WORK TASK: Your task is to output the listing exactly, leaving every image out.

COLLECTED DATA:

--------------------------------

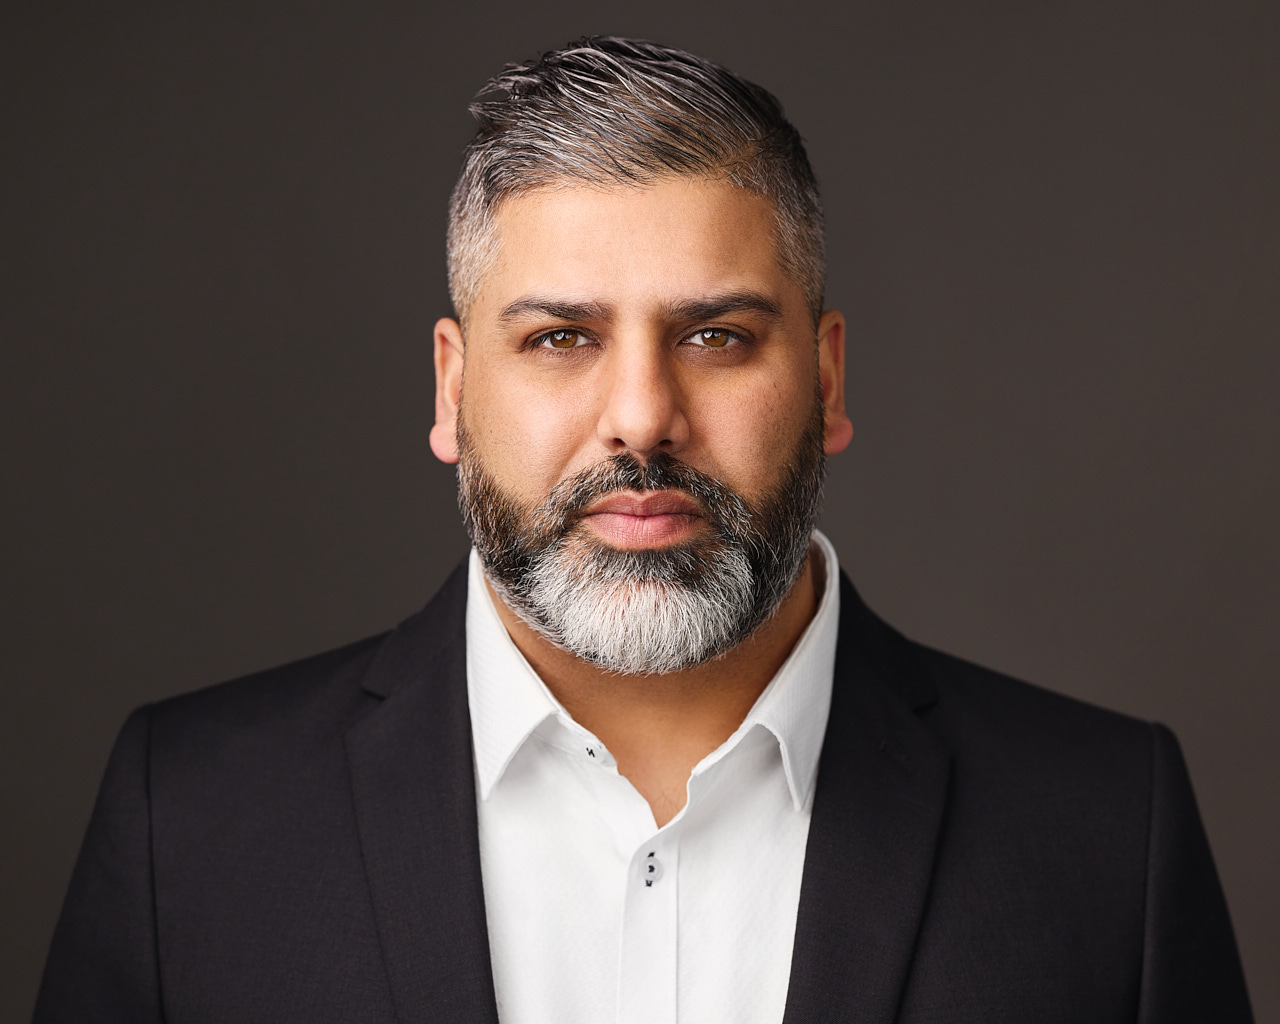 A professional business headshot of a man with a stern expression.
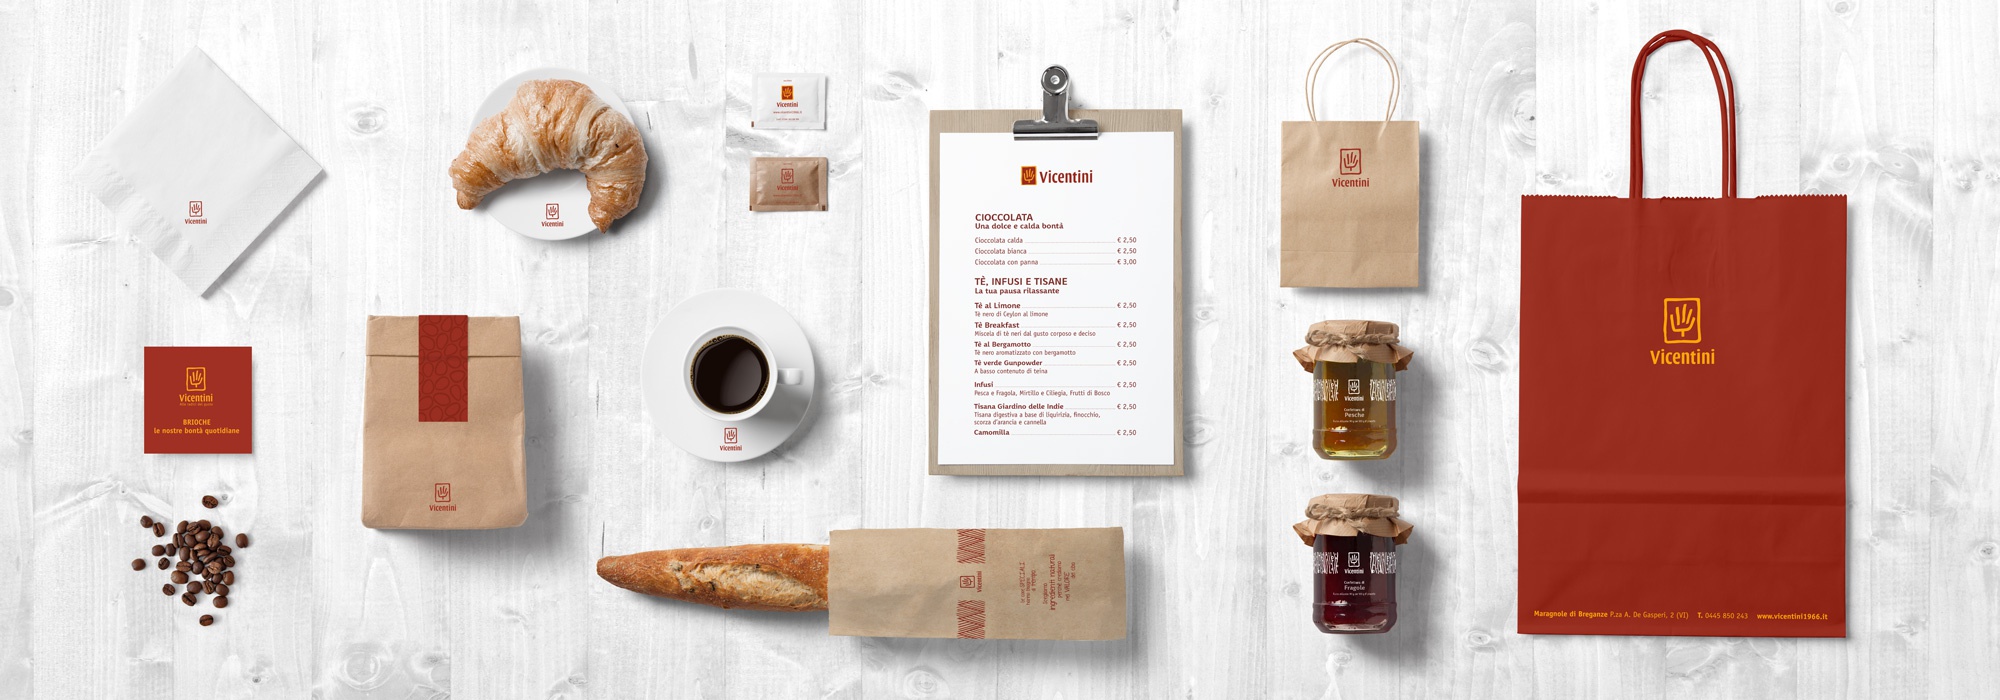 Brand Identity - Product - Packaging - Vicentini
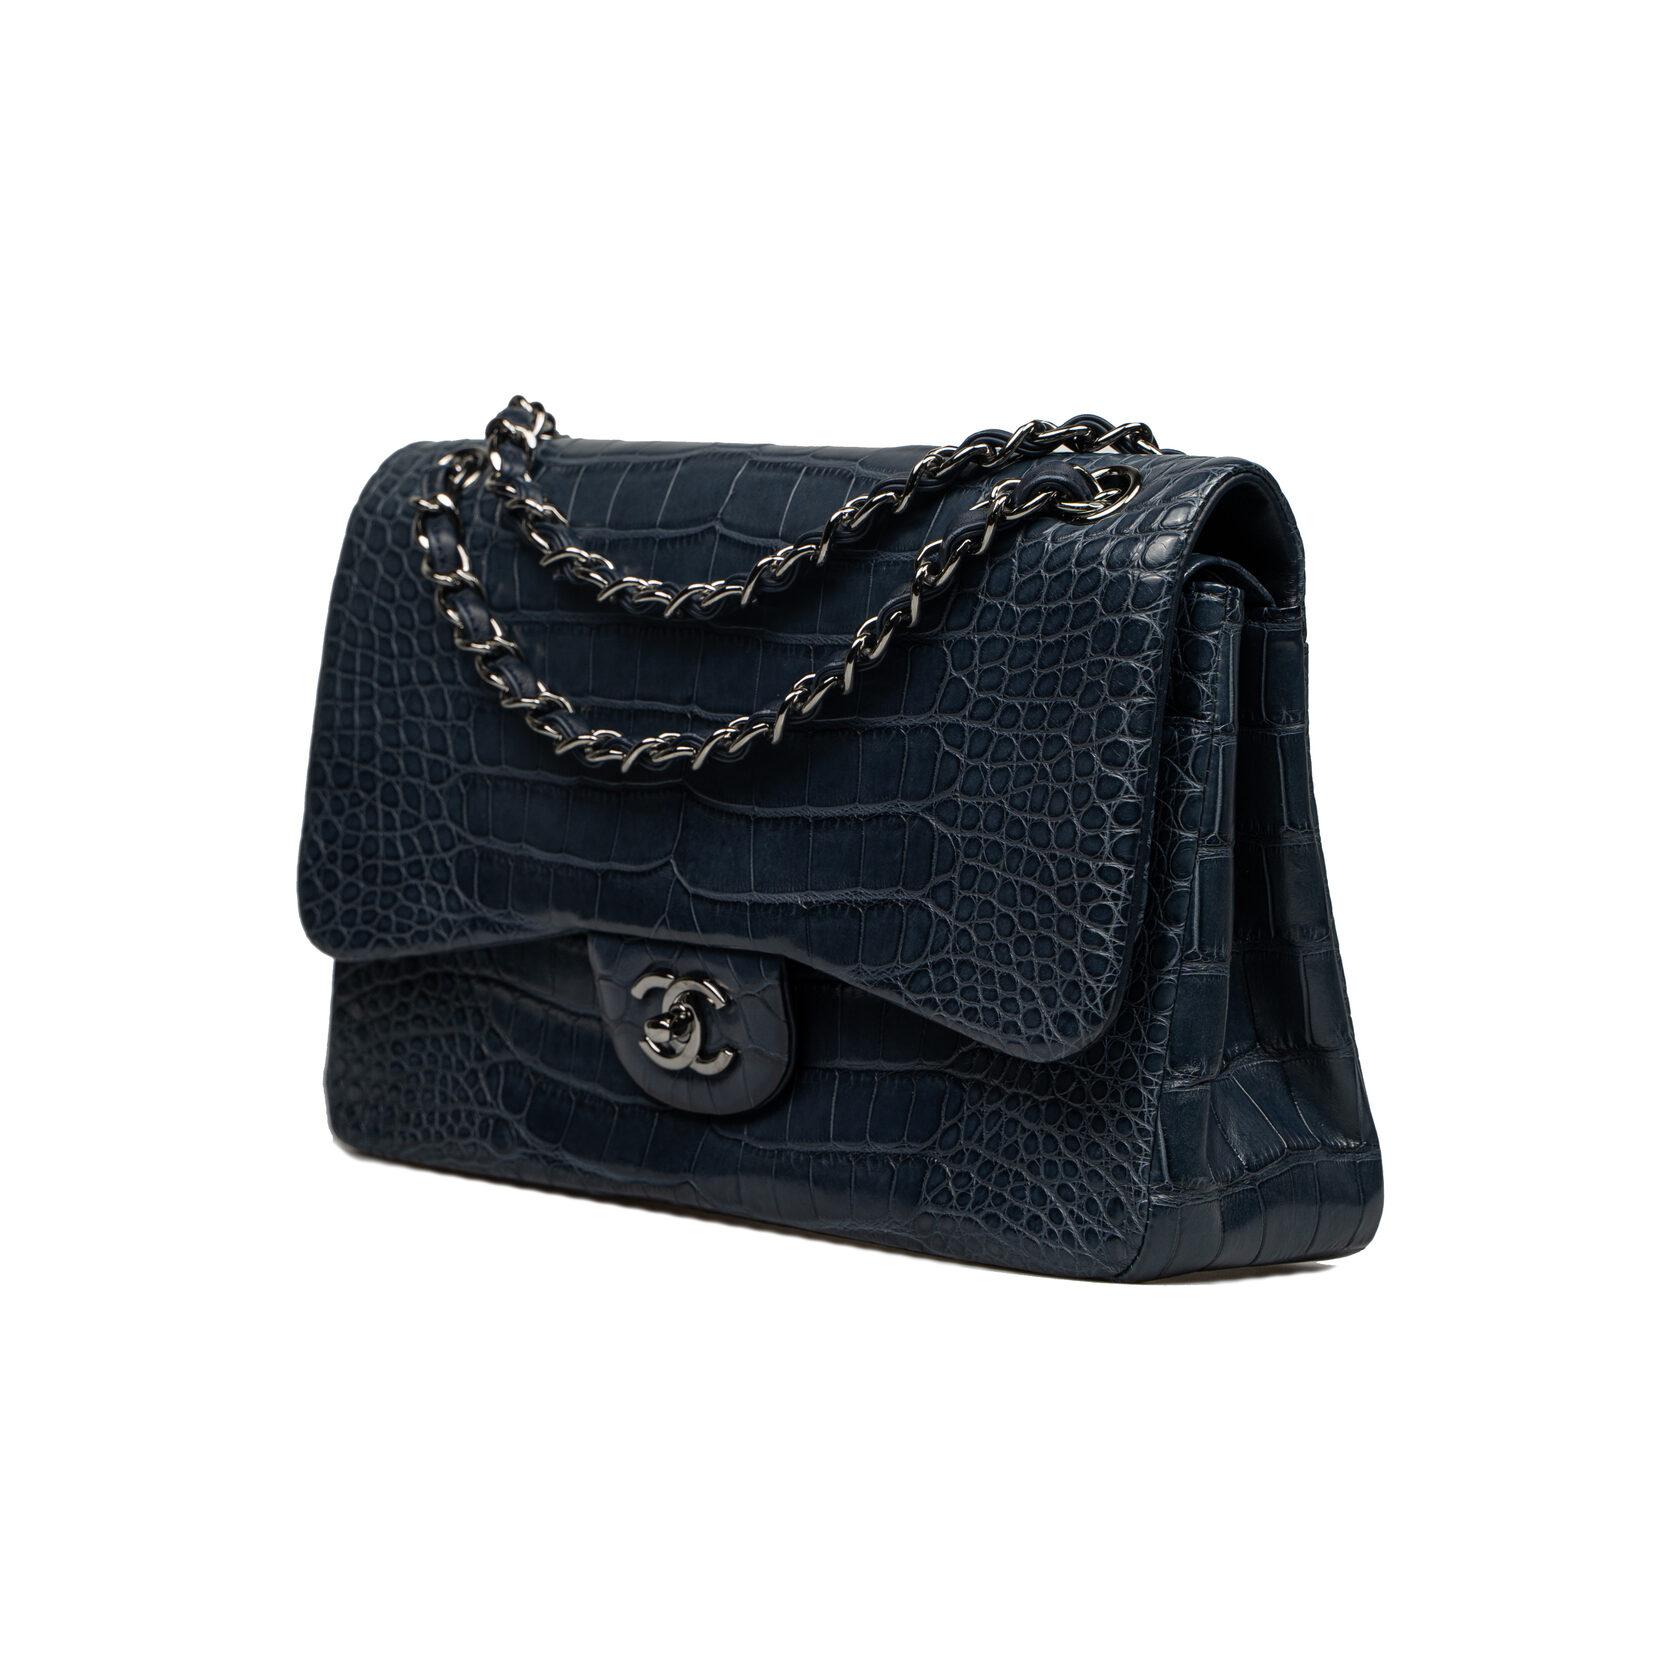 Chanel 11.12 Classic / Timeless Jumbo Double Flap Alligator For Sale 10

--------------------------------

WRITTEN RESPONSE:
 A professional business headshot of a man with a stern expression.
 Brand Identity - Product - Packaging - Vicentini
 Chanel 11.12 Classic / Timeless Jumbo Double Flap Alligator For Sale 10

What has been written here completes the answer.